▸ **THE TASK**
Take the lines below from the one with "Looking for the" through the one with "Play Pet Games" and print only them, exactly. Don't print the pictures.

▸ **AVAILABLE RECORDS**
------------------------------
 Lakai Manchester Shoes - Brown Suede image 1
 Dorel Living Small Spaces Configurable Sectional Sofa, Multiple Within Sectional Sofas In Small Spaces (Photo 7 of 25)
------------------------------
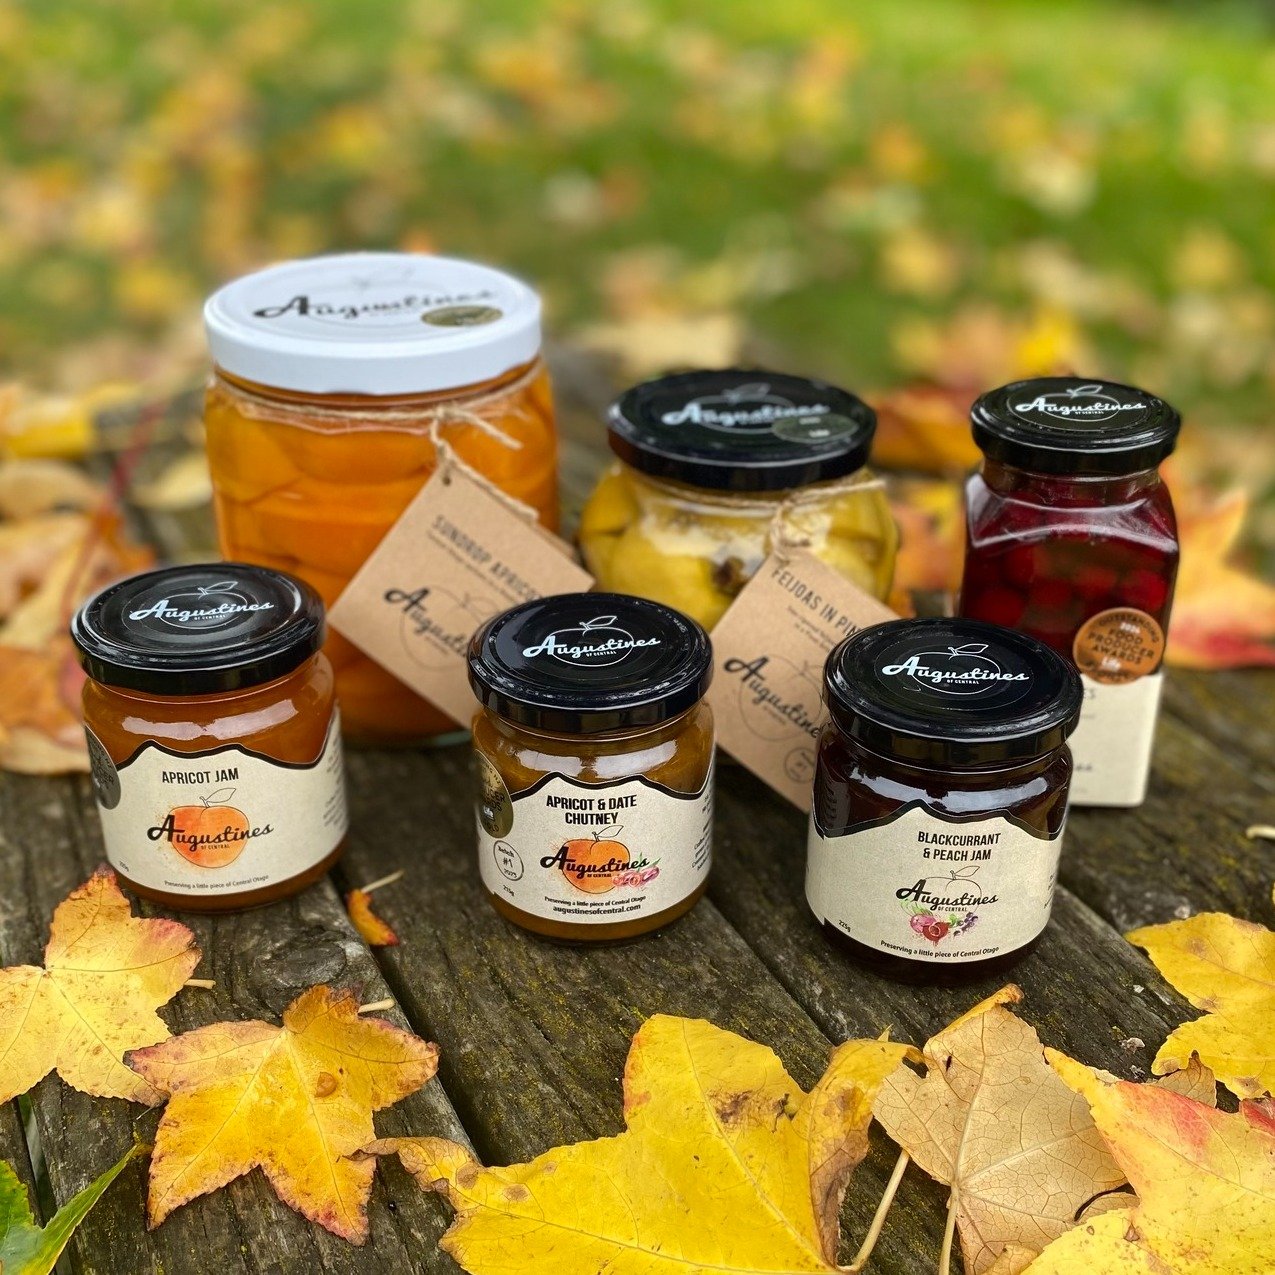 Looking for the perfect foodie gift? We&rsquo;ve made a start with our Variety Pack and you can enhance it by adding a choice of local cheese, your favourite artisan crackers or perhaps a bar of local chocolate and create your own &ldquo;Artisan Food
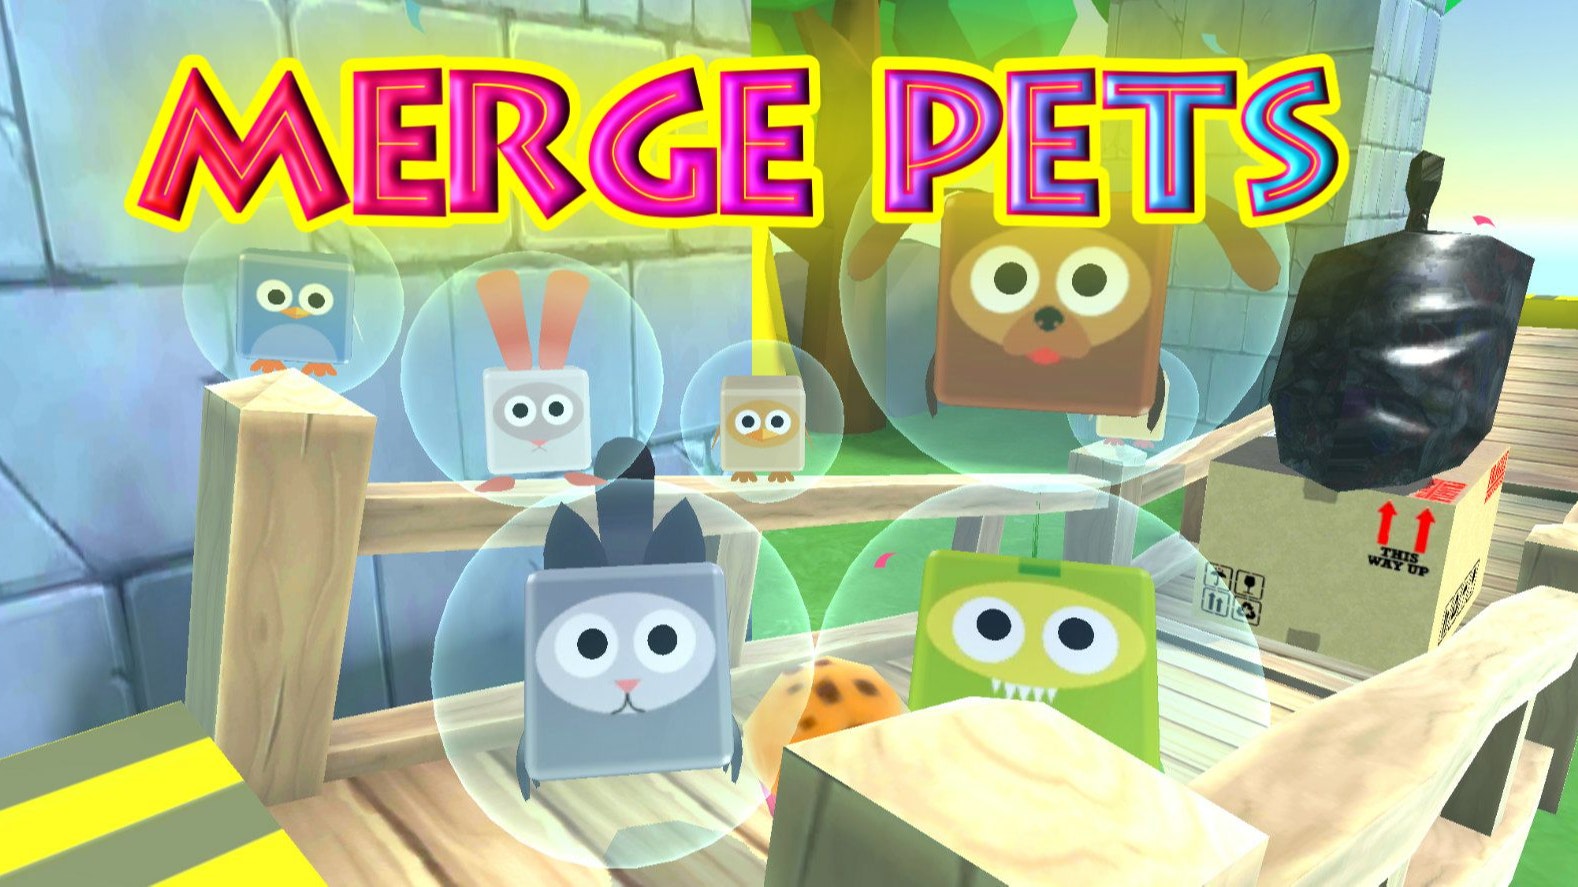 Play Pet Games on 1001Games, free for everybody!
------------------------------
▸ **EXERCISE ANSWER**
 Looking for the perfect foodie gift? We&rsquo;ve made a start with our Variety Pack and you can enhance it by adding a choice of local cheese, your favourite artisan crackers or perhaps a bar of local chocolate and create your own &ldquo;Artisan Food
 Play Pet Games on 1001Games, free for everybody!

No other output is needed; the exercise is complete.